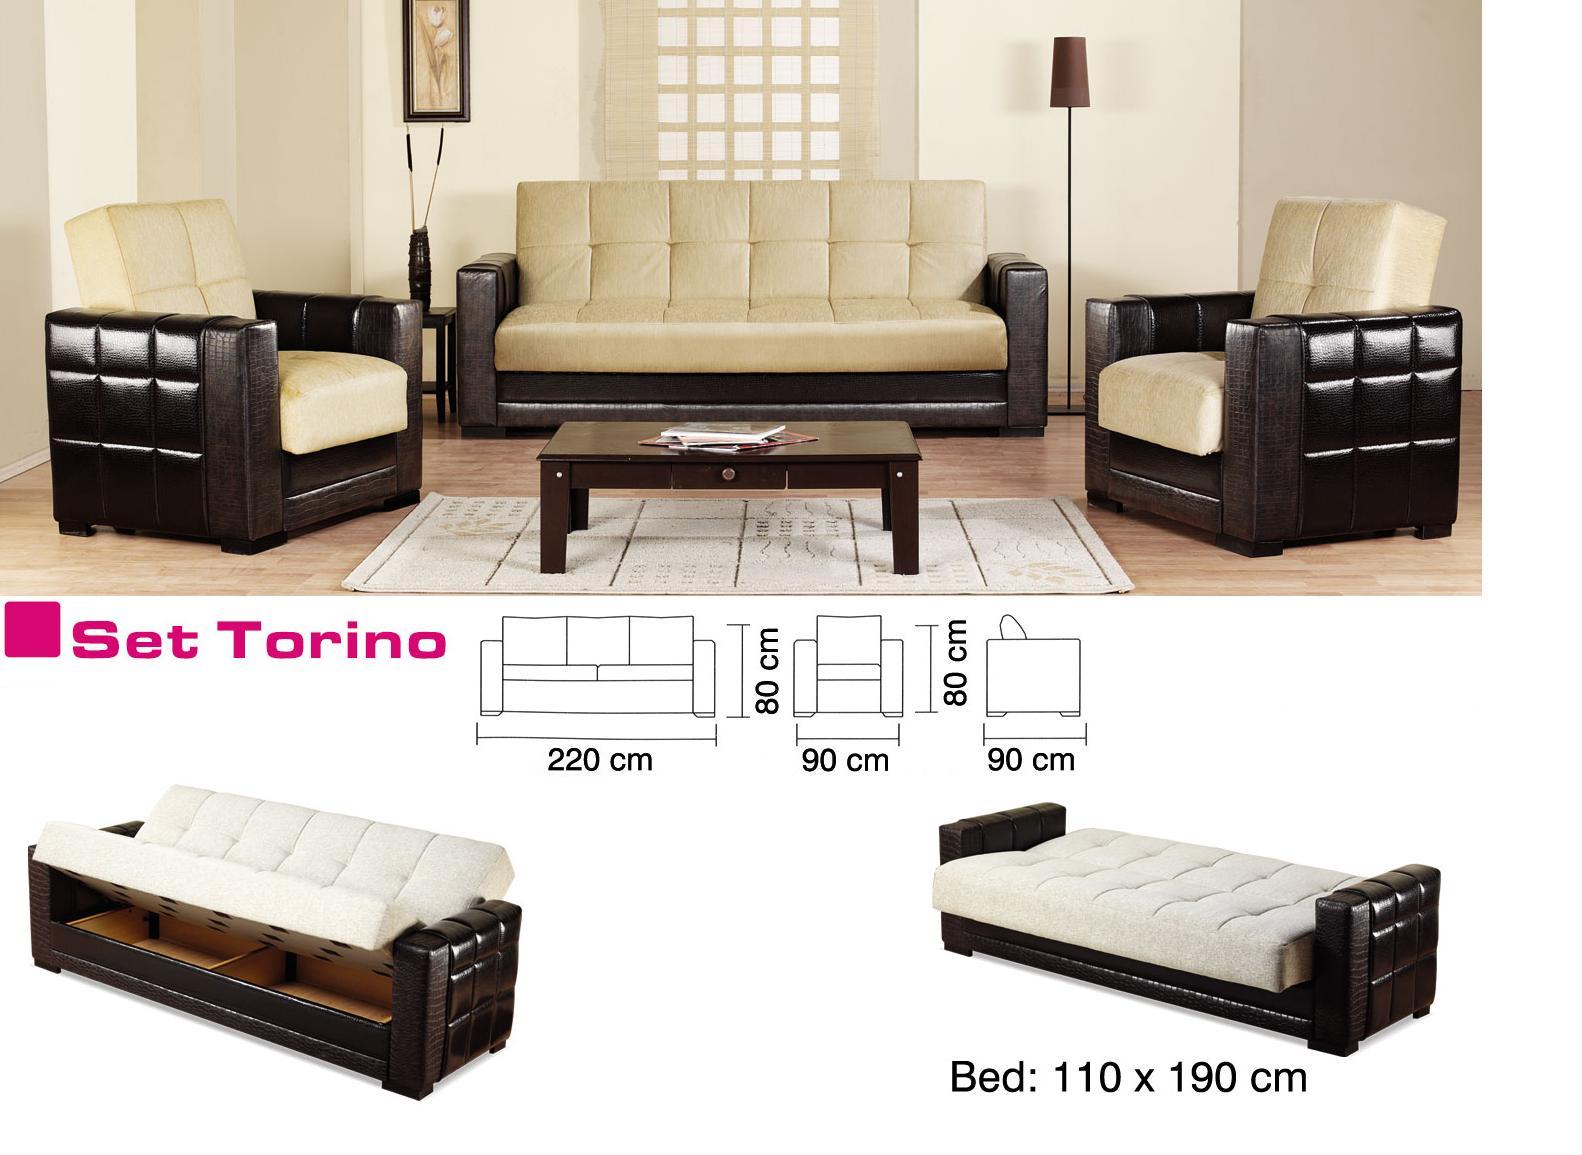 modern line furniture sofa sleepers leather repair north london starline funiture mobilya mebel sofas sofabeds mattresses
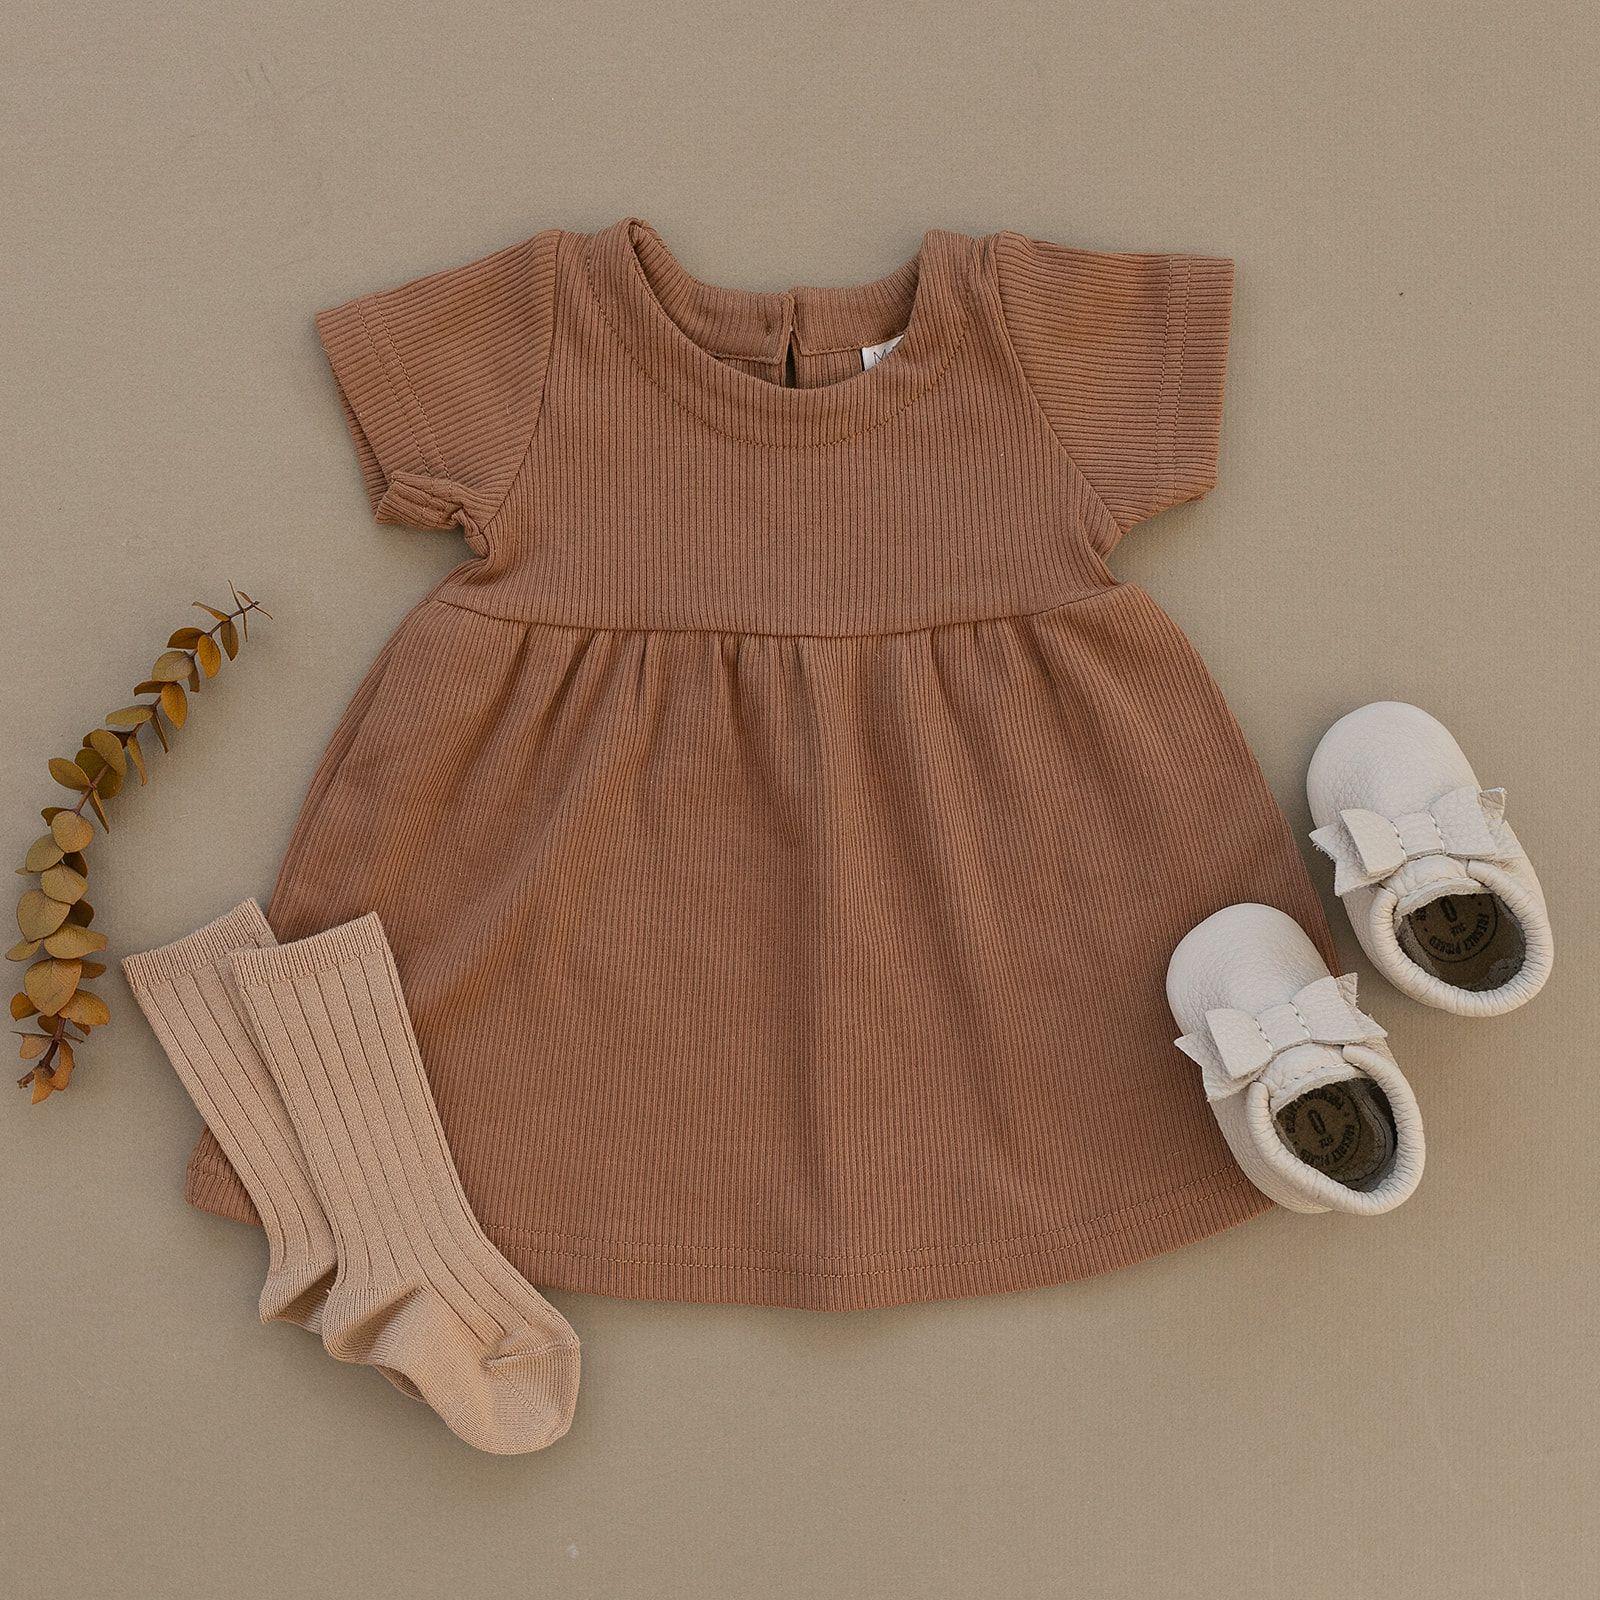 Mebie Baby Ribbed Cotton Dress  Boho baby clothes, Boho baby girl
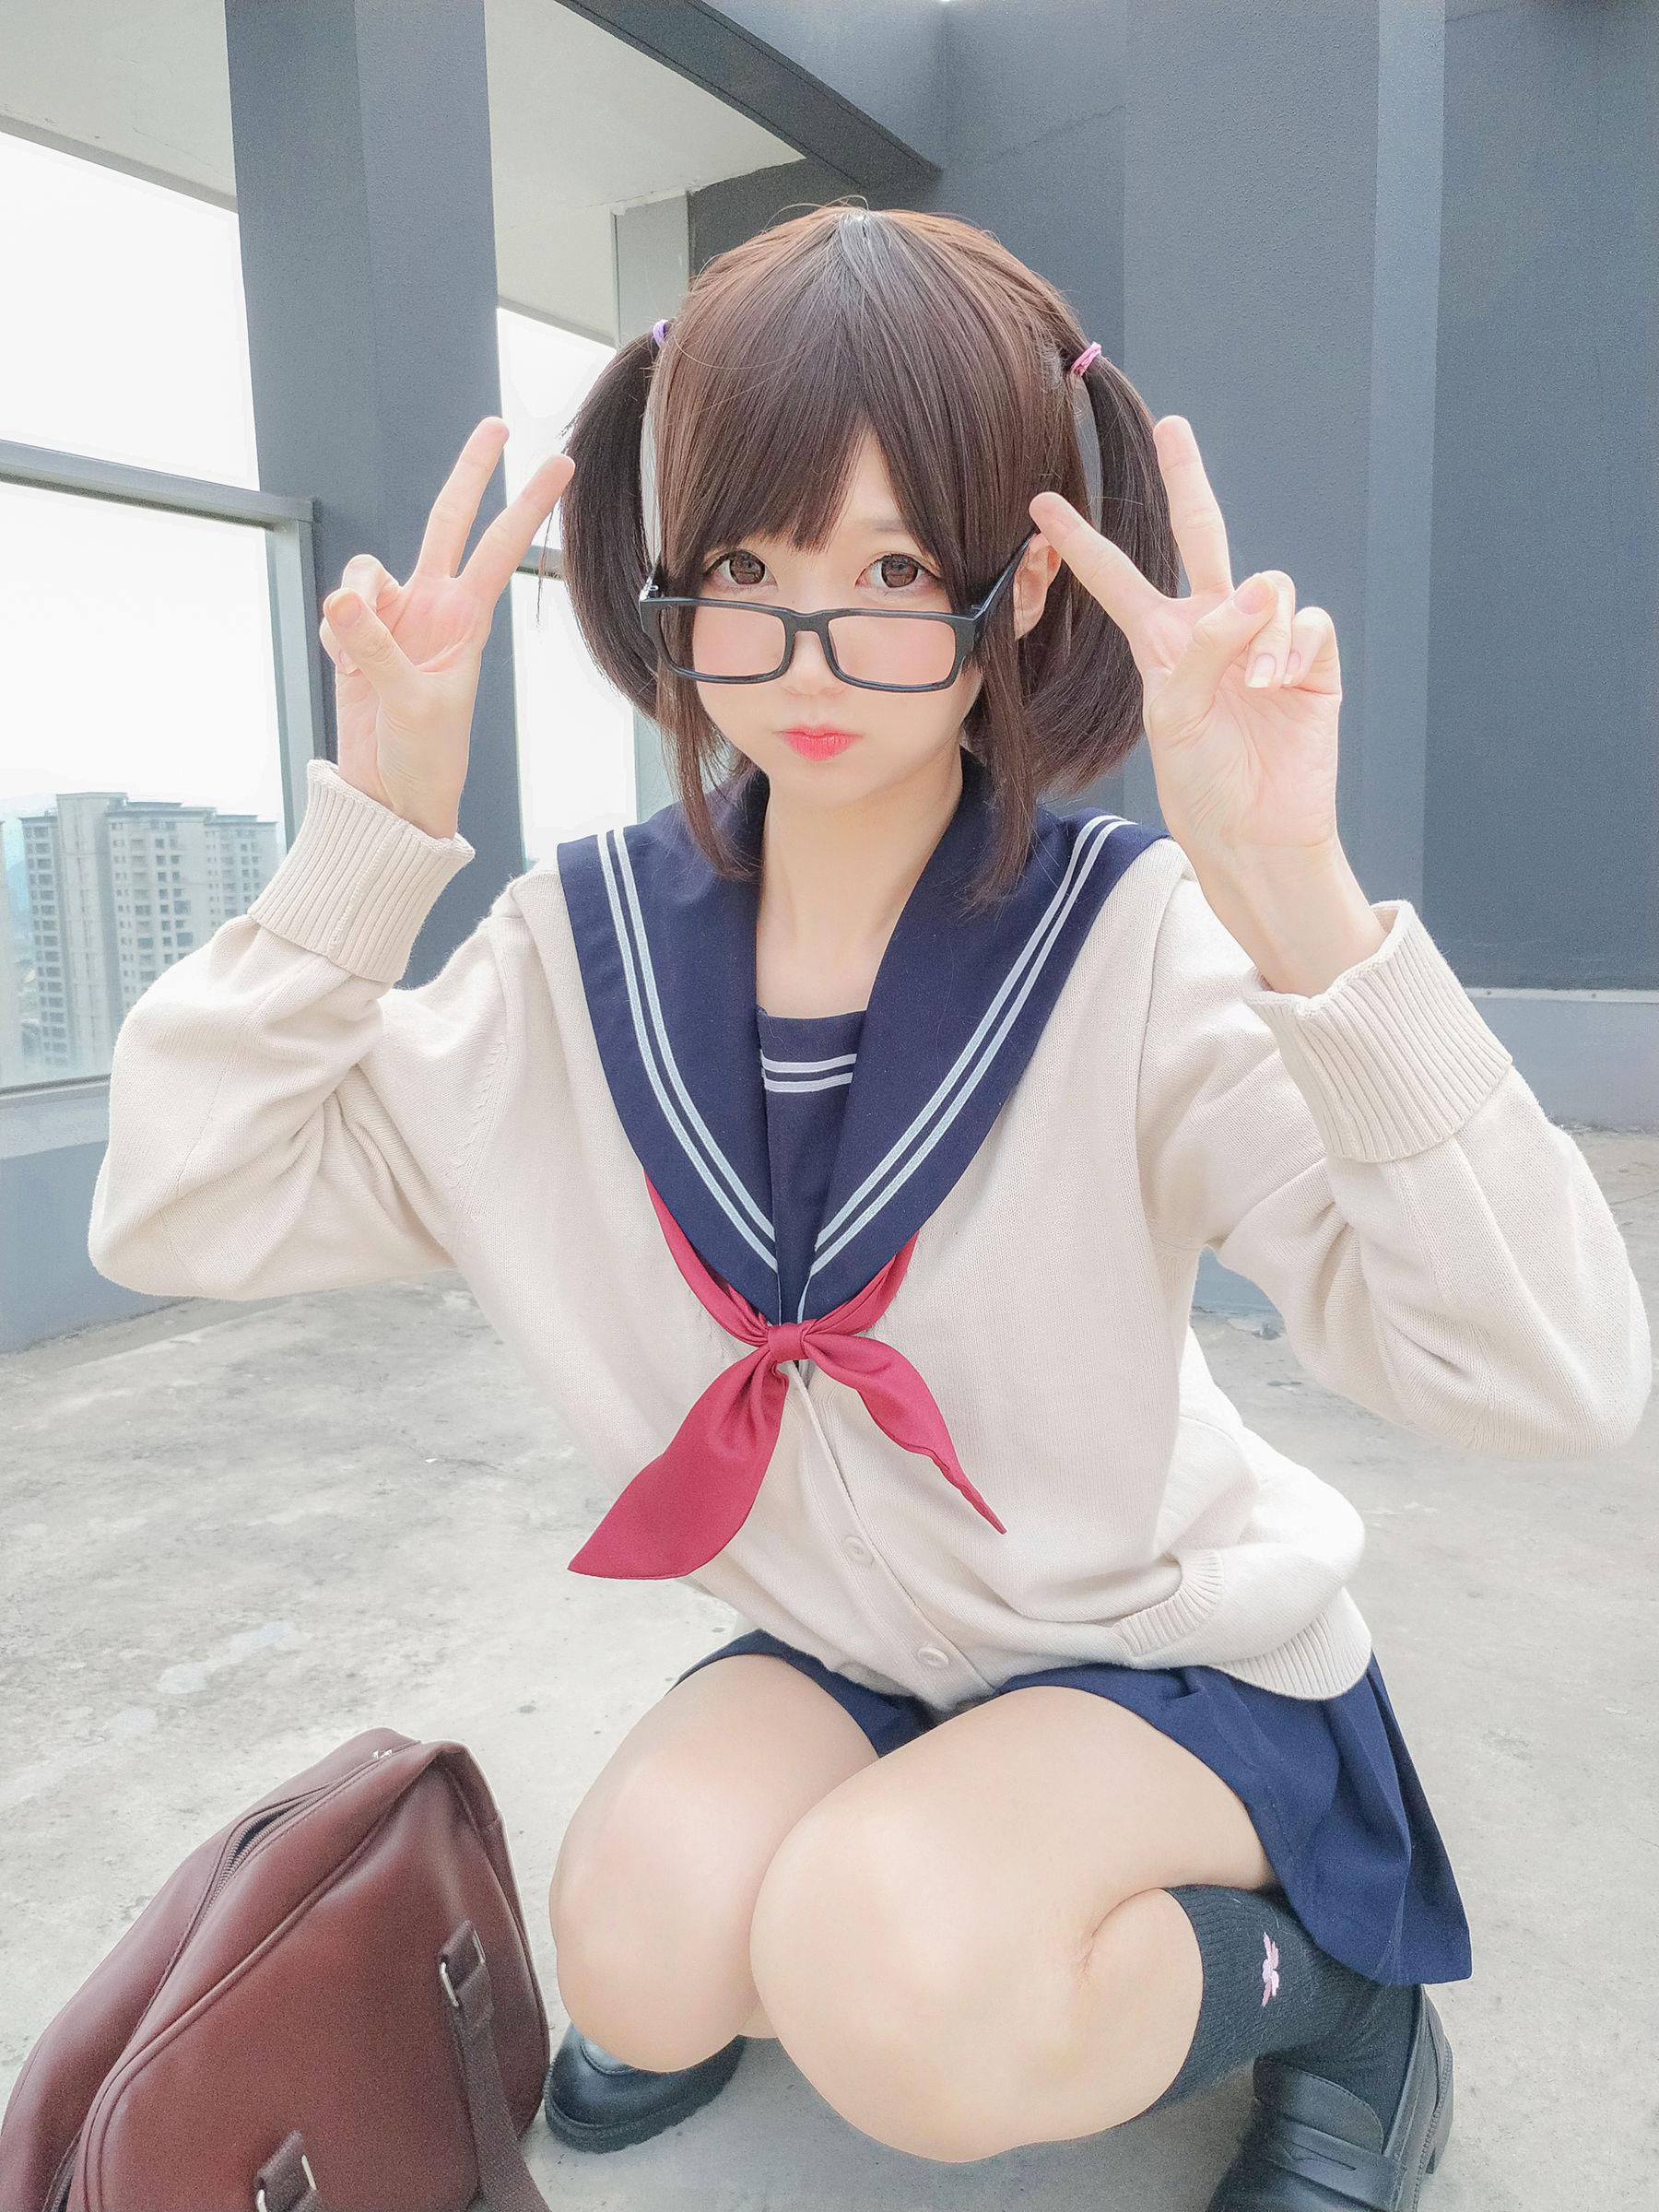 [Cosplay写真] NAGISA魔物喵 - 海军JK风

# PROBLEM REQUIREMENTS
Give the listing again word for word. Skip any pictures.

# SOLUTION
 modern line furniture sofa sleepers leather repair north london starline funiture mobilya mebel sofas sofabeds mattresses
 Mebie Baby Ribbed Cotton Dress  Boho baby clothes, Boho baby girl
 [Cosplay写真] NAGISA魔物喵 - 海军JK风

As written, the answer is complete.